# How long can I drive on my licence in Canada



## timjon1 (Oct 8, 2009)

Before I start, I did a search and could'nt find anything related to this..

I will be coming from New Zealand to BC and was wondering how long do I have before I need to get a Canadian drivers licence?

I currently hold a full New Zealand licence (general motor vehicle) and may be staying in Canada for over a year. I went to the local transport authority here in New Zealand and she suspected my New Zealand licence may only be valid for up to a year in Canada but since it varies from country to country she could not give me a definitive answer. Can anyone help me out? thankyou.


----------



## Auld Yin (Mar 10, 2009)

You only have 90 days to convert your licence.
ICBC | Moving to B.C. from another country


----------



## timjon1 (Oct 8, 2009)

thankyou, thats what I was after... I tried calling the transport authority in BC and its a public holiday today.. but for those who live there you already know that.


----------



## Oggy (Jan 25, 2009)

Hi

It's Remembrance Day here in Canada today and BC recognizes it as a statutory holiday. 

The 90 day rule is only applicable if you have taken residence in BC. Failure to change your licence to a BC DL could result in the RCMP impounding your vehicle or being in breach of your insurance if you should be involved in an accident. 

For other readers, you'll find that each province has different conditions regarding licencing. Some provinces will exchange your current licence for a new one, however, in BC you will have to take the testing to acquire a BC DL. 

There are variables on when to get a BC DL such as if you are a student actively attending university. Visitors (not working) to the province have 6 months before their current out of province DL isn't acceptable. If anyone is unsure, simply send ICBC an email and they will confirm what needs to be done in your situation.

As a side note, International Driving Permits are not recognized in BC - they are simply to help translate your current driver's licence. 

http://www.icbc.com/cs/Satellite?c=...C/icbc_FAQQuestion&proxied=true#1225925777297

Enjoy your time here in BC, Timjon1!


----------



## timjon1 (Oct 8, 2009)

thanks Oggy, I'm in a slightly different position in that I have a working holiday visa acquired from the Canadian consulate in Sydney, Aus. I'm not taking residence in BC and I am not studying. I have already lined up a job in Whistler over the winter. 

Would I be in the "license valid for 6 months category" ? If you don't know then yes I will contact ICBC.


----------



## Oggy (Jan 25, 2009)

If you're coming here to work, you won't be in the 6 month Visitor's category. I believe if you have a Temporary Work Permit, you'll have to get the BC DL after 90 days, but I seem to recall another scenario where the licence was good for a year. Procedures tend to change and what I remember may no longer be applicable. Best to contact ICBC as they will give you the information you need. 

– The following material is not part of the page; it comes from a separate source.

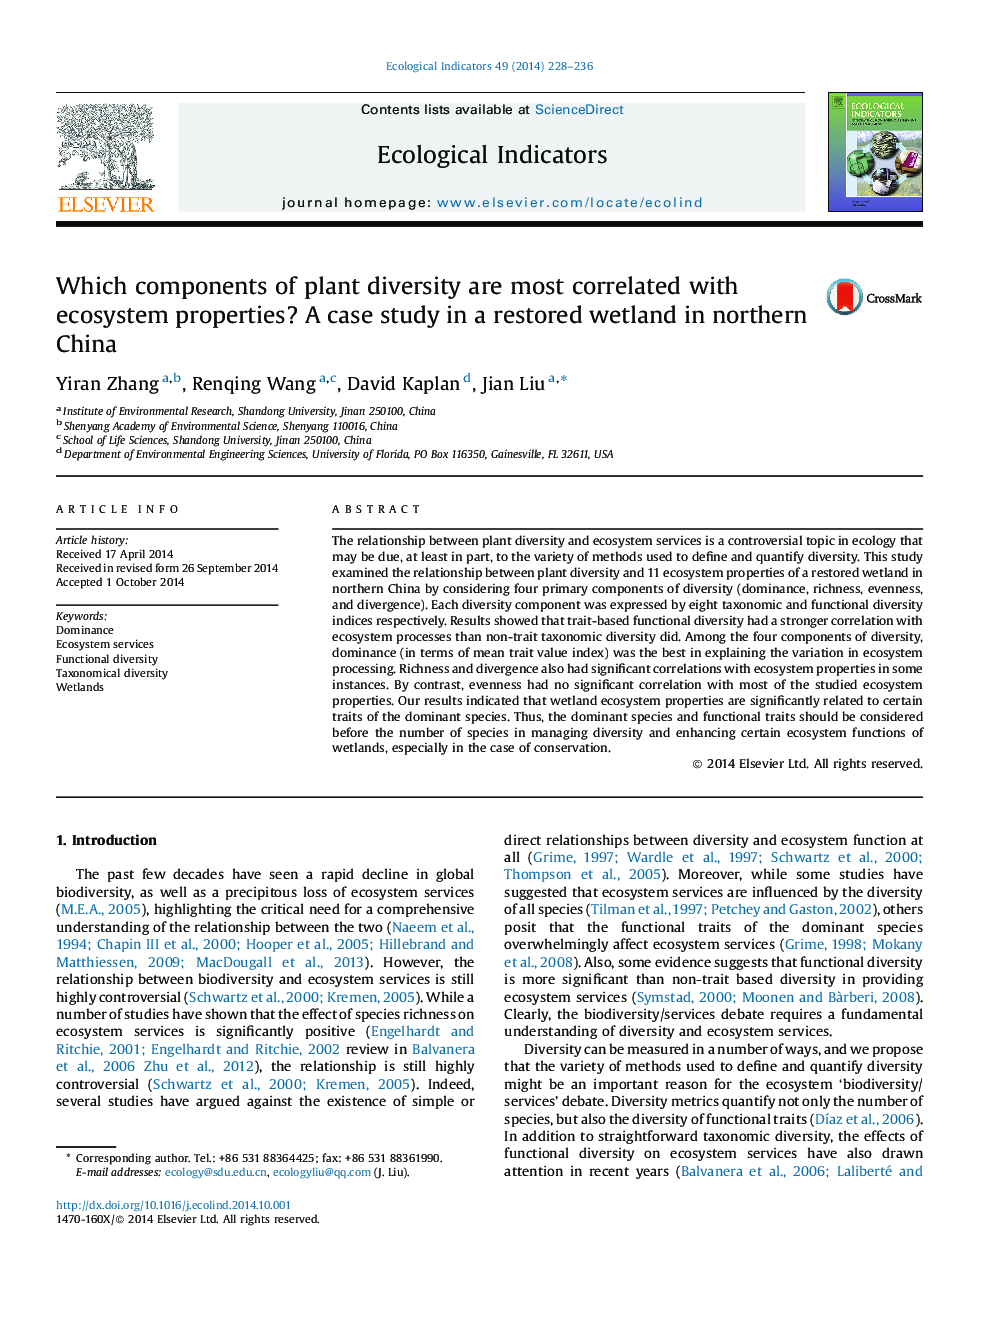 کدام مولفه های تنوع گیاهی بیشتر با خواص اکوسیستم مرتبط است؟ مطالعه موردی در یک تالاب مرطوب در شمال چین

Good for you in scoring a job in Whistler! Will you be there during the Olympic Games? If you get a chance, come on by the Okanagan Valley & check out our ski resorts too... lots of champagne powder skiing! 

Cheers


----------



## timjon1 (Oct 8, 2009)

yep I'm very lucky, I thought I was out of luck since all the job fairs were finished and most of the jobs gone.. Jobbank had a few listings and I'm happy I pursued them. Yes I will be there for the winter olympics and I'll happily come by the Okanagan Valley. This is a very stressful time for me though as I'm running around like a headless chicken organizing for my flight out of New Zealand on the 19th Nov!


----------



## Oggy (Jan 25, 2009)

Not long now then before you are enjoying Whistler's village. Envy you being in the thick of things during the games... will be an incredible experience! 

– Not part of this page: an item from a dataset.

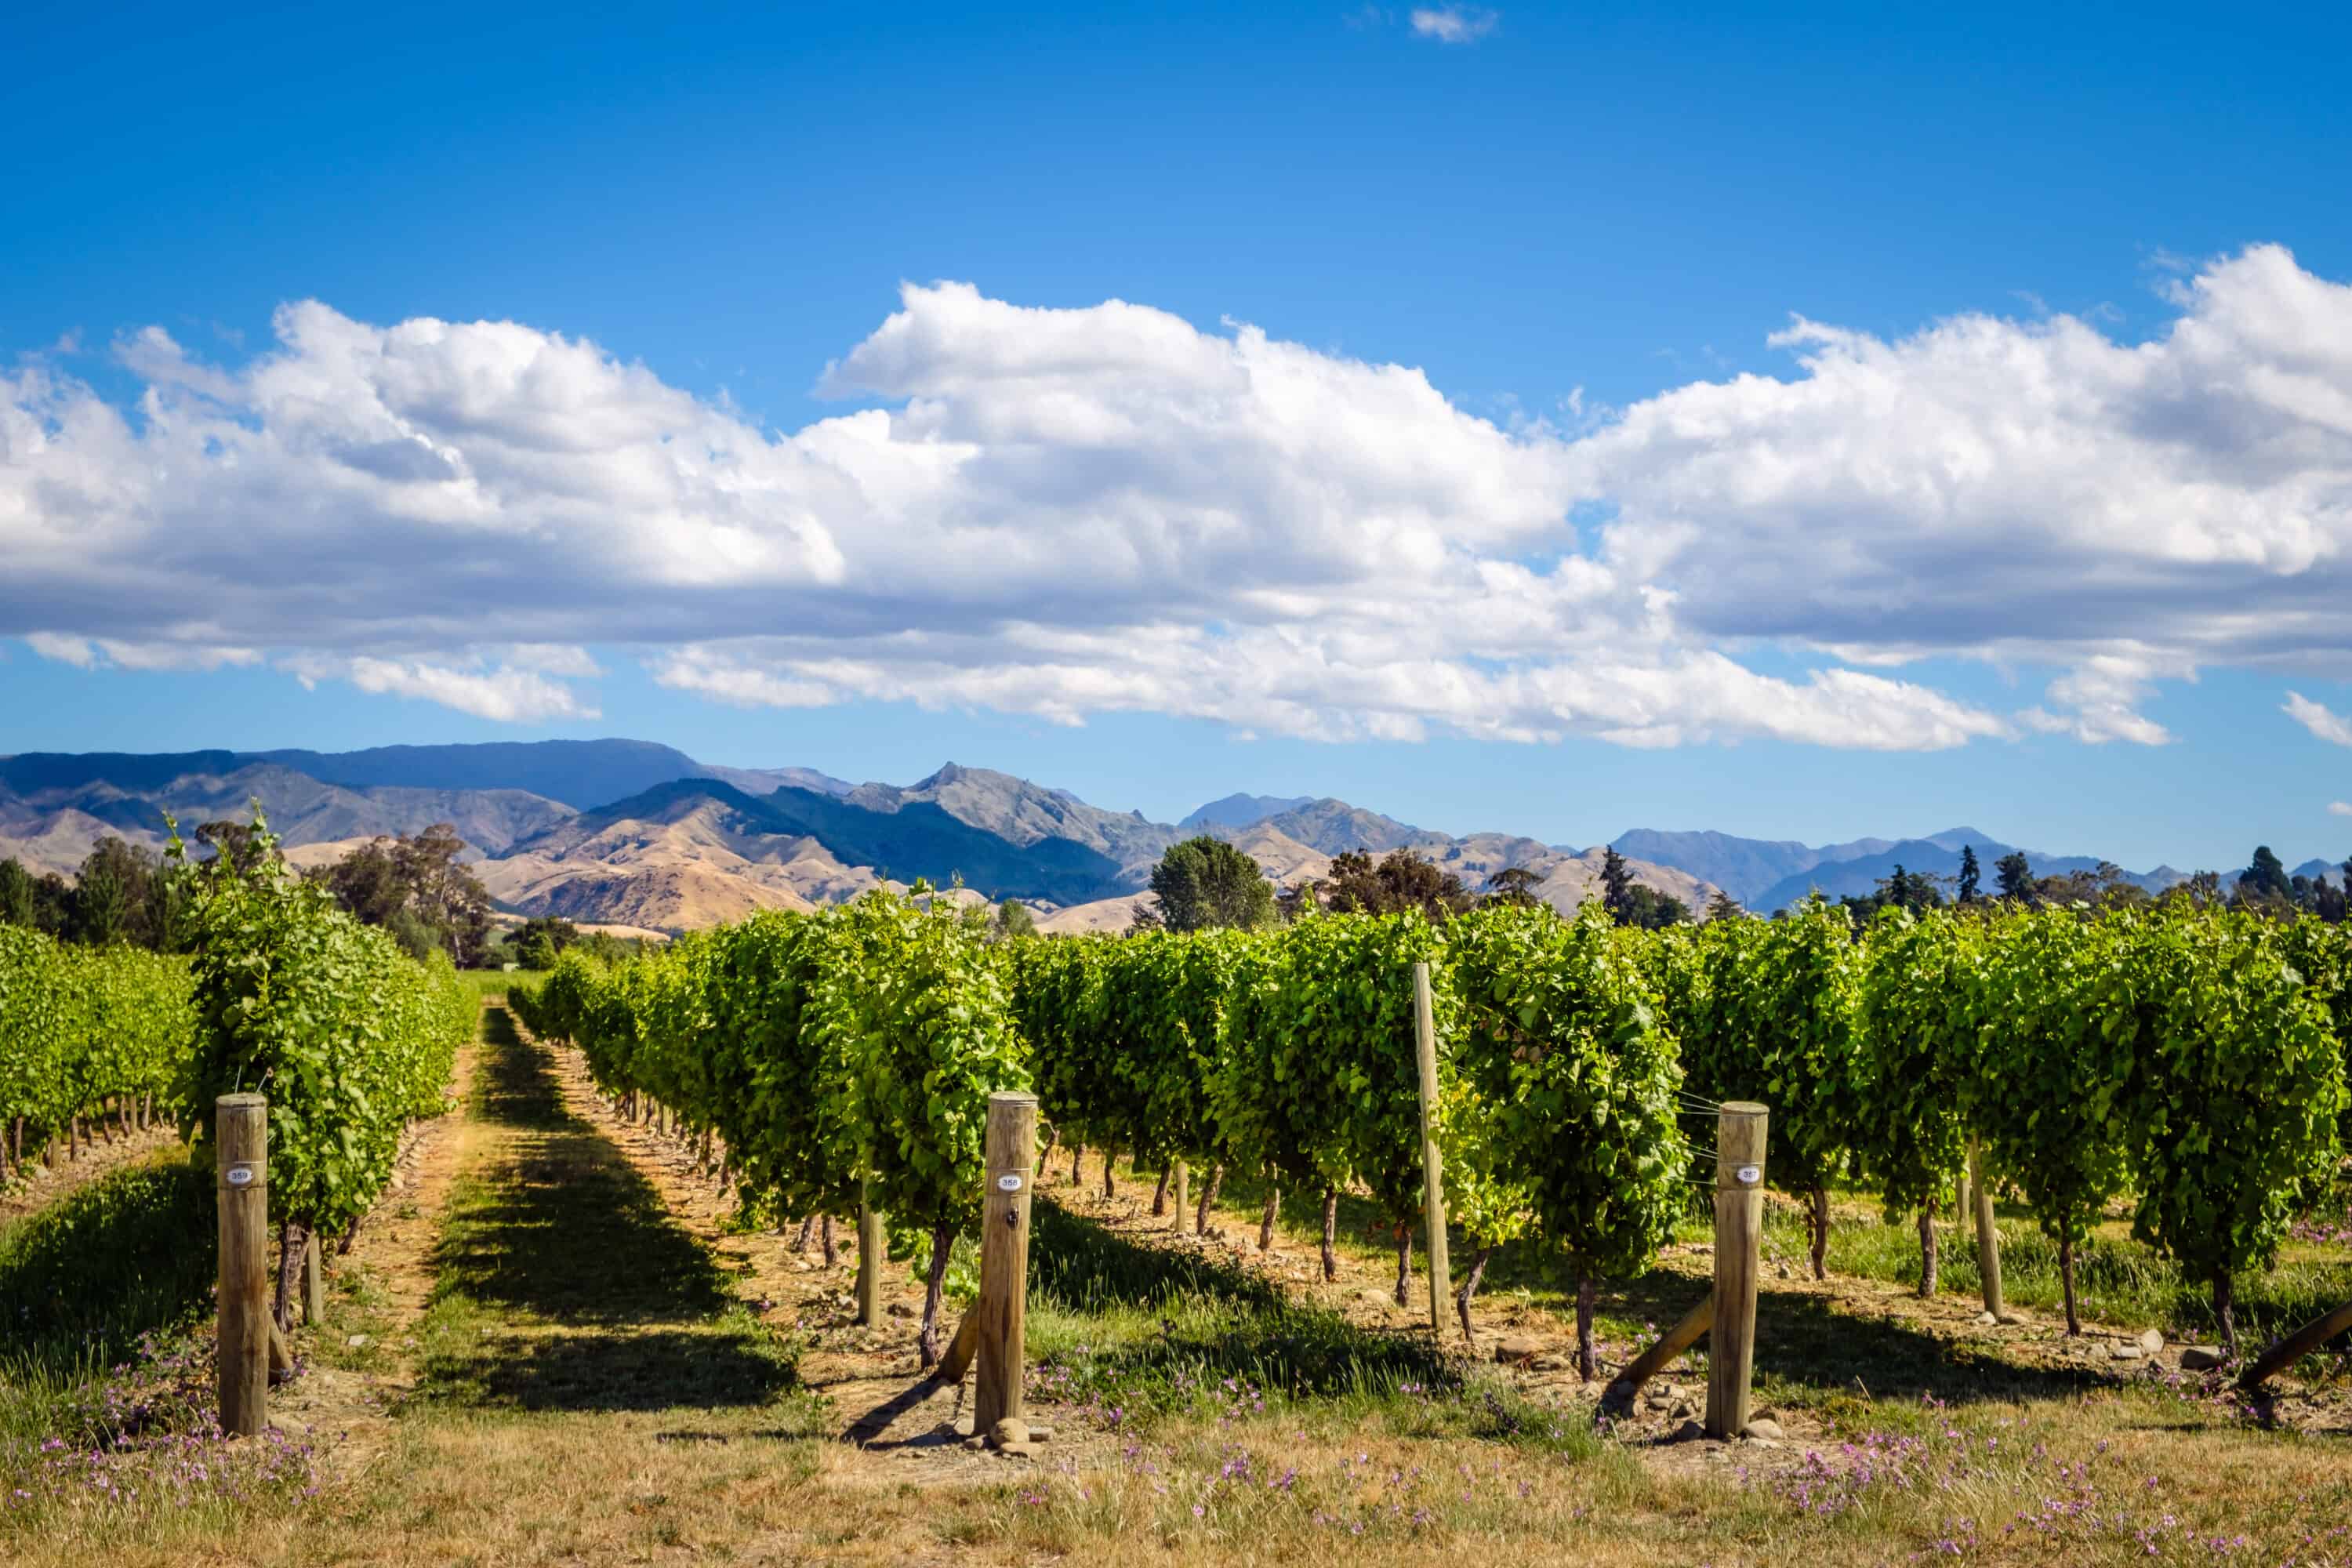 Landscape view of vineyard in Marlborough wine country,NZ

If you do come to the valley, feel free to contact me for some information or accommodation suggestions.

Remember to take a moment to catch your breath during all that chaos pre Nov 19th... and wishing you a smooth flight.


----------



## timjon1 (Oct 8, 2009)

Thanks for that, yes if I continue to rush around I'll become complacent and forget things. Priority for now..Get warm clothing!


----------



## poptart (Nov 23, 2009)

One thing to note... if you don't have a car or don't intend to drive while in BC. For example, you take public transport /cabs/buses etc. then you can get your license at any time. We didn't have a car for the first year in Vancouver since we lived downtown and could rely on public transportation. 

I thought I HAD to get my license converted in the 1st 3 months but they told me that I can do it anytime as long as I don't drive in BC after the 3months. That wasn't an issue since we only rented cars outside BC.


----------